El joven del pelo azabache chasqueó la lengua para rechazar semejante equiparación.
– A nosotros acaba de conocernos. Pero el alemán… sabemos quién es. Luchó contra los partisanos en el norte. Intentamos eliminarlo el mes pasado y otro camarada pagó con su vida por ello.
– ¿Rau?
– Ya sabe qué ocurrió. El tal Bora lleva días sin ir a su hotel. ¿Dónde se ha metido?
La atención de Guidi iba de un hombre al otro. El de mayor edad era medio calvo, pálido, con los ojos hundidos y de mirada vehemente. Sí, era cierto, Rau había pagado con su vida por aquello, y quienquiera que hubiese matado a Francesca seguramente tenía motivos que él no podía ni quería explicar a los dos compañeros de la joven, quizá para proteger el recuerdo de Francesca, quizá para no mancillar el dolor de aquellos hombres. Sabía que tenía delante a soldados de a pie, los que se juegan el pellejo sin hacer alharacas. Los que jamás incurren en la traición, con los que no se puede negociar y a los que no hay forma de ablandar.
– No tengo ni idea de dónde está -respondió por fin-. ¿Por qué no persiguen a quienes la mataron como a un perro?

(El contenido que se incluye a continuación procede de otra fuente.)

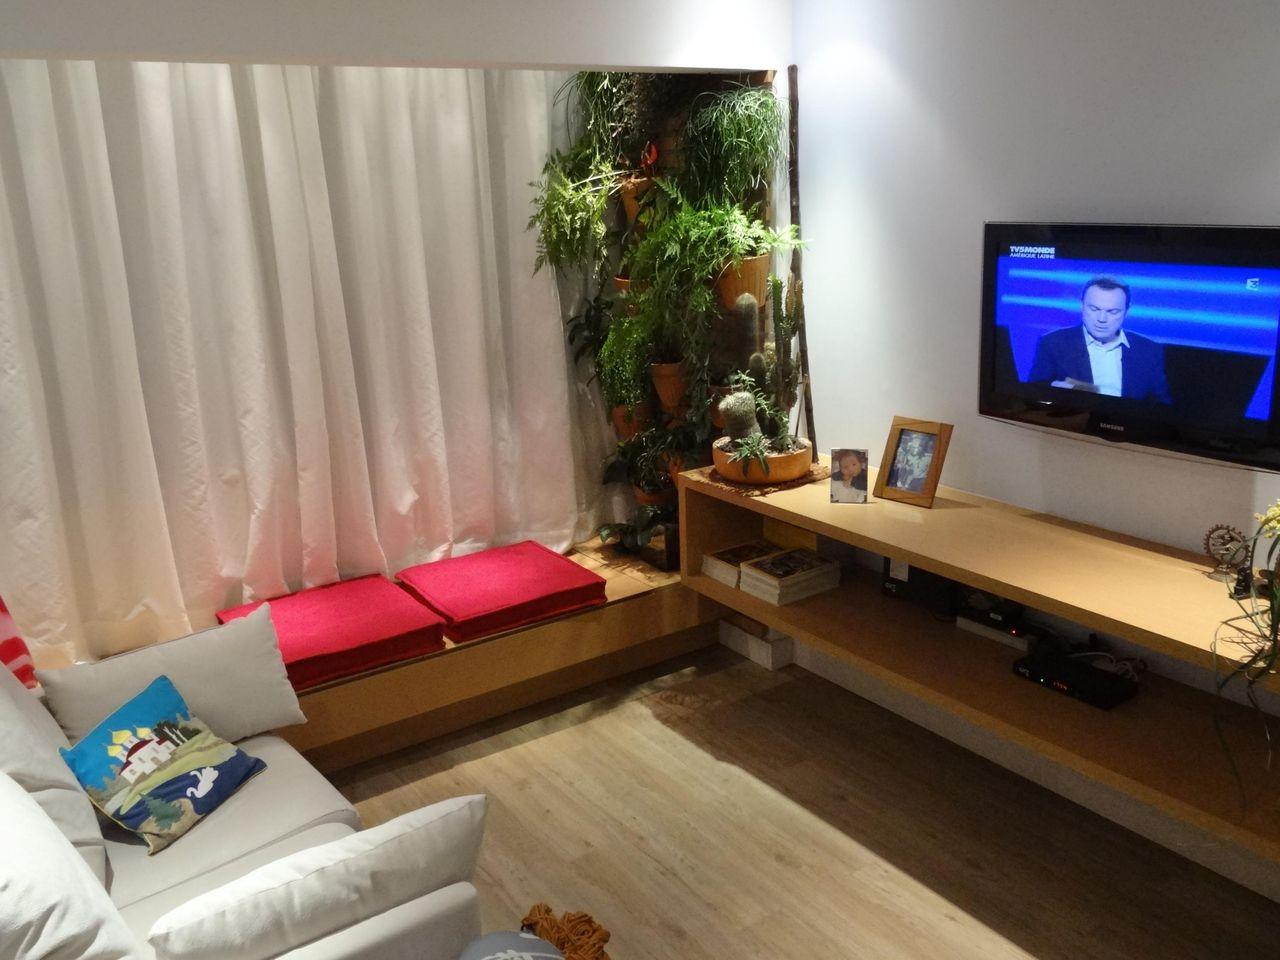 Decorao De Sala De Estar Pequena De Apartamento Altamente Fotos  -> Como Decorar Uma Sala De Estar Muito Pequena

– Si supiéramos quién fue, lo haríamos, no le quepa la menor duda. Bien, con respecto a Bora, ¿intentará hablar con usted antes de marcharse de Roma?
– Saben ustedes tanto como yo.
– Nosotros no hemos podido acercarnos a él en el Flora, inspector. Bora fue a verle al apartamento donde usted vivía antes, se han citado en otros lugares. No le preguntamos de qué hablaron ni qué hicieron, pero ahora es el momento de que haga su parte.
Guidi estaba cansado. Las palabras no le ponían nervioso, ya había pensado en ellas antes.
– ¿Qué quieren que haga?
– Que nos traiga al alemán.
3 de junio
La voz que respondió al teléfono era profunda y bien conocida.
– Aquí Bora.
Guidi casi había perdido la esperanza de encontrarle aquella mañana. Por un momento pareció olvidar para qué lo había llamado. Con cierta inquietud presentó la petición de Caruso.
– Si el jefe de policía quería hablar conmigo -repuso Bora-, debería haberlo hecho personalmente. No tengo tiempo de verle hoy. Quizá mañana por la mañana.
– ¿A qué hora?
– A las nueve en punto. Si llega siquiera dos minutos tarde, no habrá reunión.
– Se lo diré.
Ninguno de los dos colgaba el receptor, esperando a que el otro añadiera algo. Caruso se lo arrancó a Guidi de la mano y colgó.
– ¿Mañana por la mañana? -Había en él cierta exasperación y casi tanta arrogancia como había mostrado ante Guidi en otras ocasiones-. ¿Quién cree que soy yo, un subordinado a quien se hace esperar hasta que «tenga tiempo» de atenderme? ¡Tendría que haber insistido en que me recibiera hoy mismo, esta tarde como mucho!